Example Ex10: The battery as in any one of examples Ex1 to Ex9, wherein the at least one vent channel comprises a channel pattern comprising a plurality of channels that connect at a central location on the at least one surface.

Example Ex11: A battery comprising: a positive electrode comprising a first current collector; a negative electrode comprising: a second current collector comprising: a first planar surface; a second opposing planar surface; a first vent channel pattern disposed on the first planar surface on at least one surface of the second current collector; and a second vent channel pattern disposed on the second opposing planar surface of the second current collector, the first vent channel pattern being different than the second vent channel pattern.

Example Ex12: The battery as in example Ex11, wherein at least one of the first vent channel pattern and the second vent channel pattern is configured to prevent air from being trapped between the second current collector and an active material.

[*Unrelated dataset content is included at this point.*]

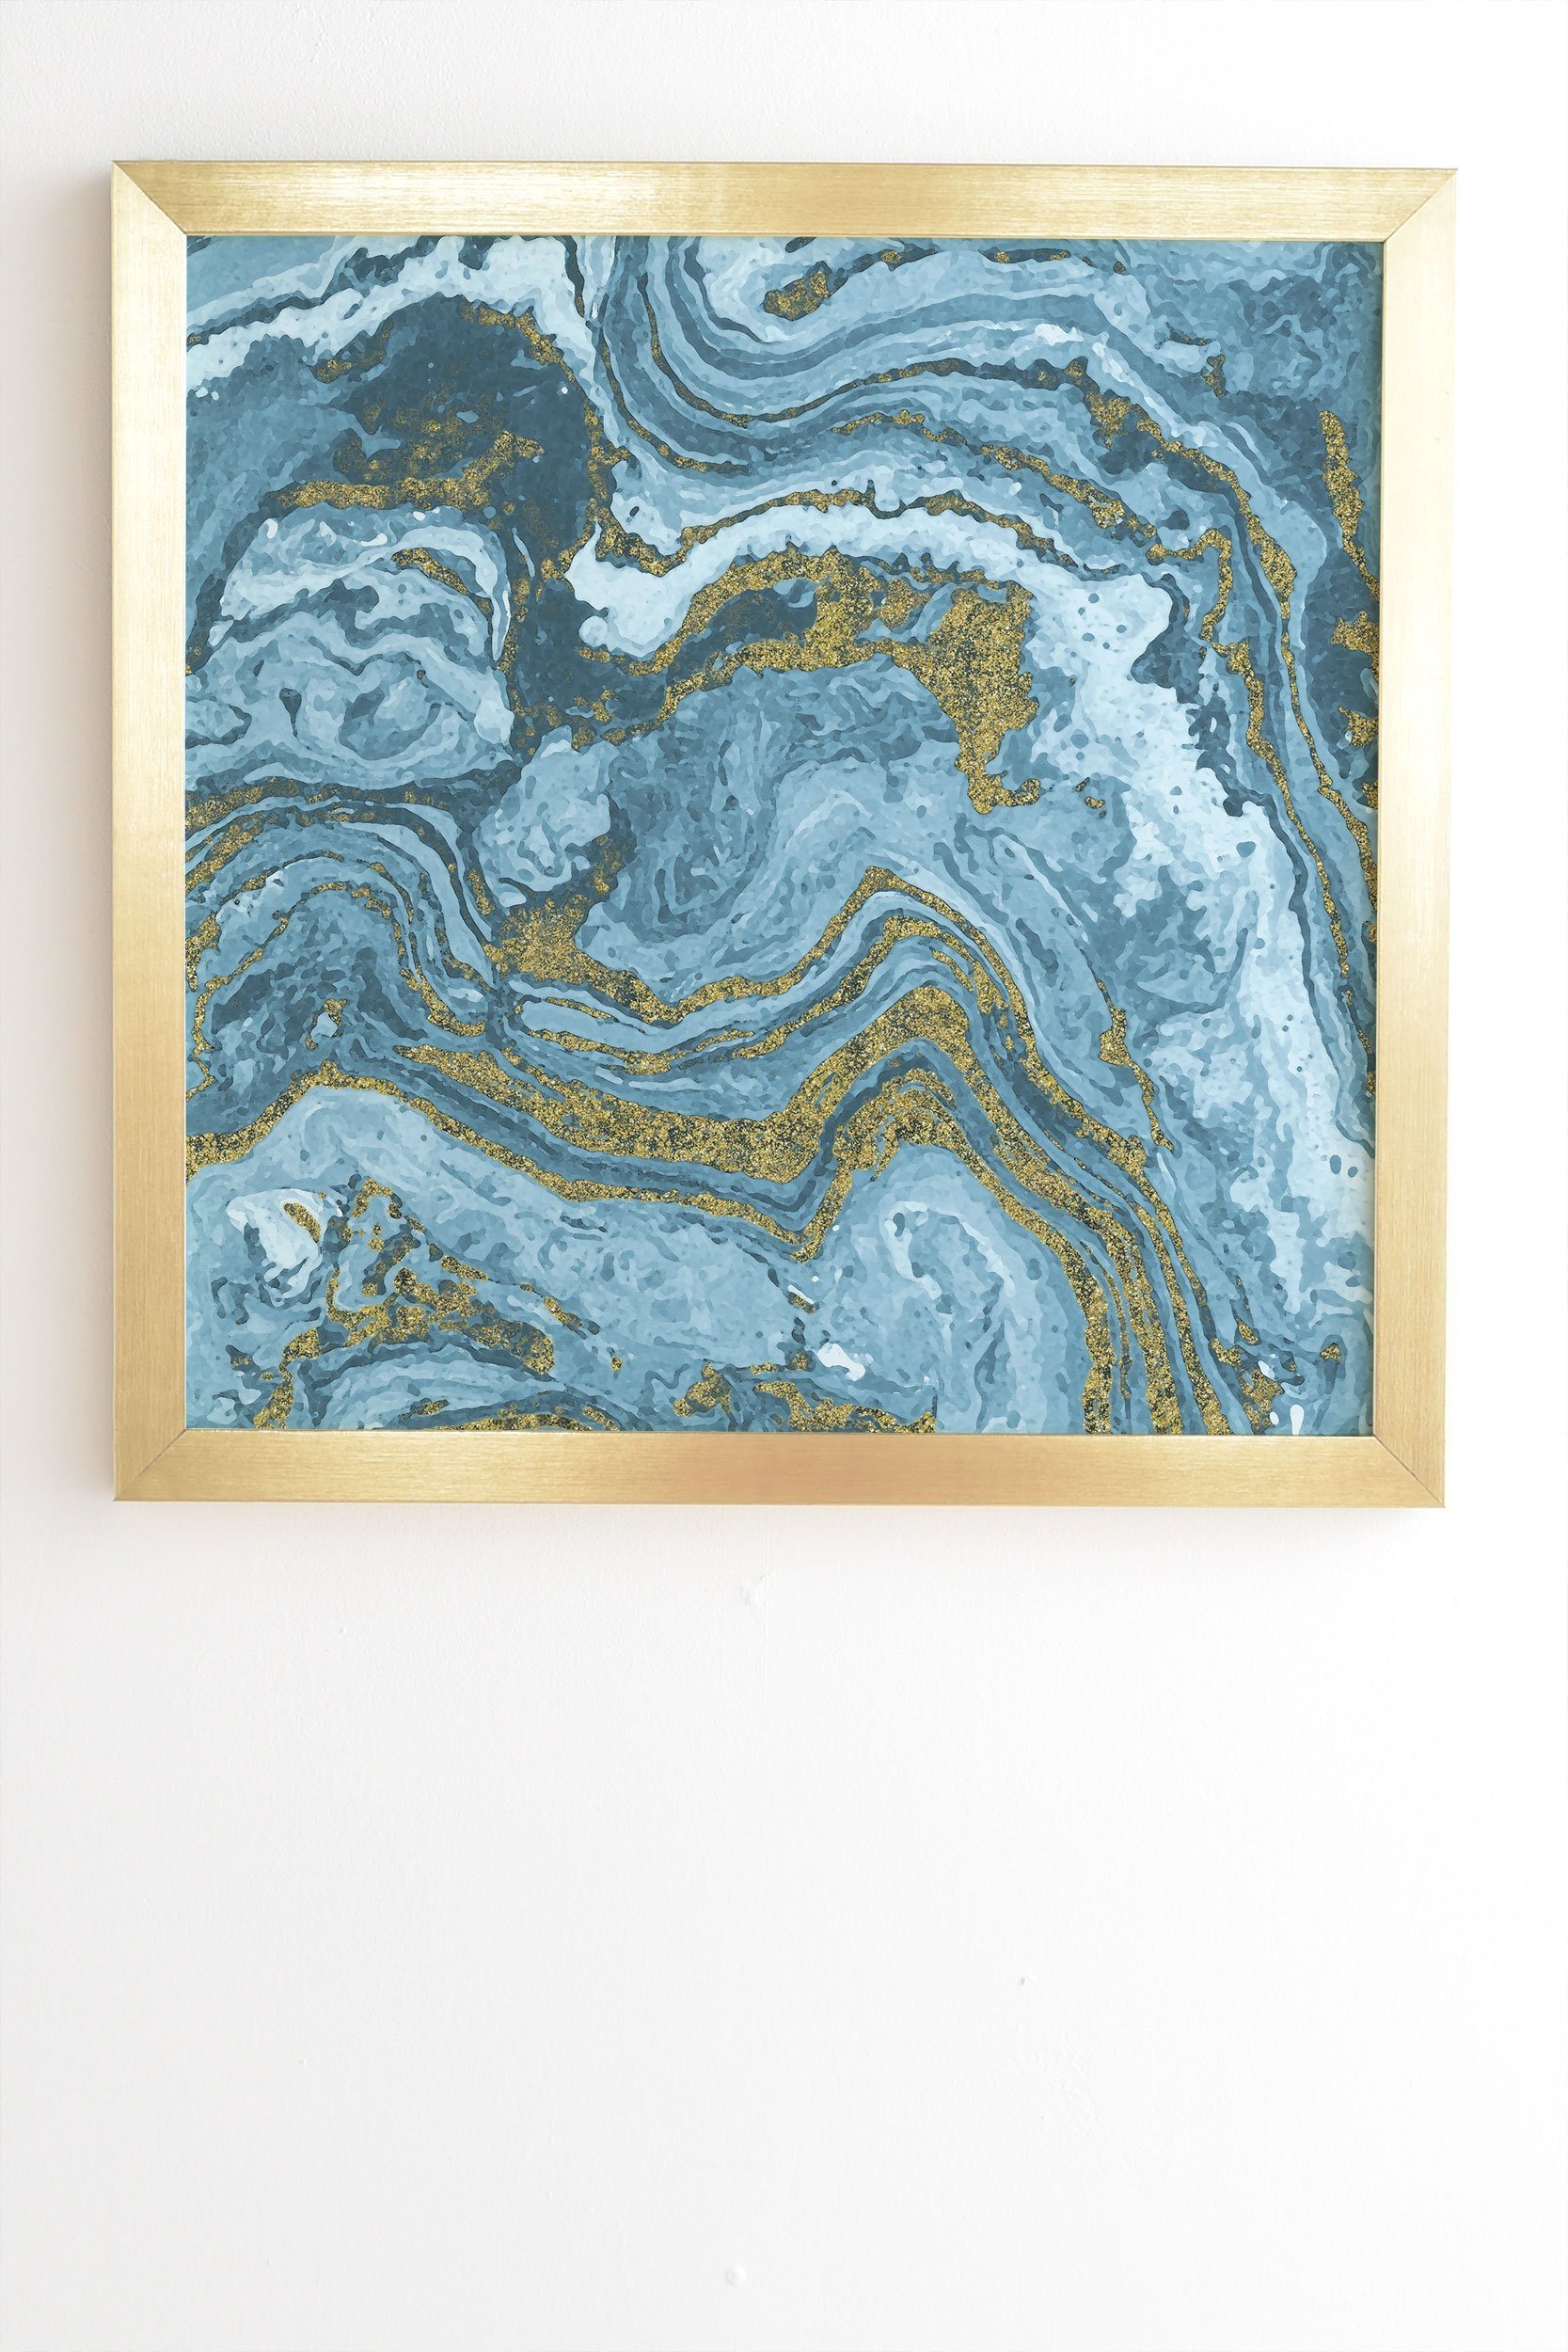 Emanuela Carratoni Gold Waves on Blue Gold Framed Wall Art - 8" x 9.5" - Image 1

Example Ex13: The battery as in any one of examples Ex11 to Ex12, wherein the negative electrode comprises lithium.

Example Ex14: The battery as in any one of examples Ex11 to Ex13, wherein at least one of the first vent channel pattern and the second vent channel pattern is configured to facilitate adhesion between the second current collector and an active material.

Example Ex15: A method, comprising: providing a current collector having a first planar surface and a second opposing planar surface; depositing a mask on a portion of at least one of the first planar surface and the second opposing planar surface; and etching an unmasked region to create at least one vent channel.

Example Ex16: The method as in example Ex15, further comprising depositing a mask on a portion of both of the first planar surface and the second opposing planar surface.

Example Ex17: The method as in any one of examples Ex15 to Ex16, wherein the at least one vent channel is configured to prevent air from being trapped between the current collector and an active material.

Example Ex18: The method as in any one of examples Ex15 to Ex17, wherein the at least one vent channel is configured to facilitate adhesion between the current collector and an active material.

Example Ex19: The method as in any one of examples Ex15 to Ex18, wherein the at least one vent channel is configured to reach a periphery of at least one of the first planar surface and the second opposing planar surface.

Example Ex20: The method as in any one of examples Ex15 to Ex19, wherein the at least one vent channel has a depth that is about half a thickness of the current collector.

As used herein, singular forms “a,” “an” and “the” include plural referents unless the context clearly dictates otherwise. As used in this specification and the appended claims, the term “or” is generally employed in its sense including “and/or” unless the content clearly dictates otherwise. The term “and/or” means one or all of the listed elements or a combination of any two or more of the listed elements.

Unless otherwise expressly stated, it is in no way intended that any method set forth herein be construed as requiring that its steps be performed in a specific order. Accordingly, where a method claim does not actually recite an order to be followed by its steps or it is not otherwise specifically stated in the claims or descriptions that the steps are to be limited to a specific order, it is no way intended that any particular order be inferred. Any recited single or multiple feature or aspect in any one claim can be combined or permuted with any other recited feature or aspect in any other claim or claims.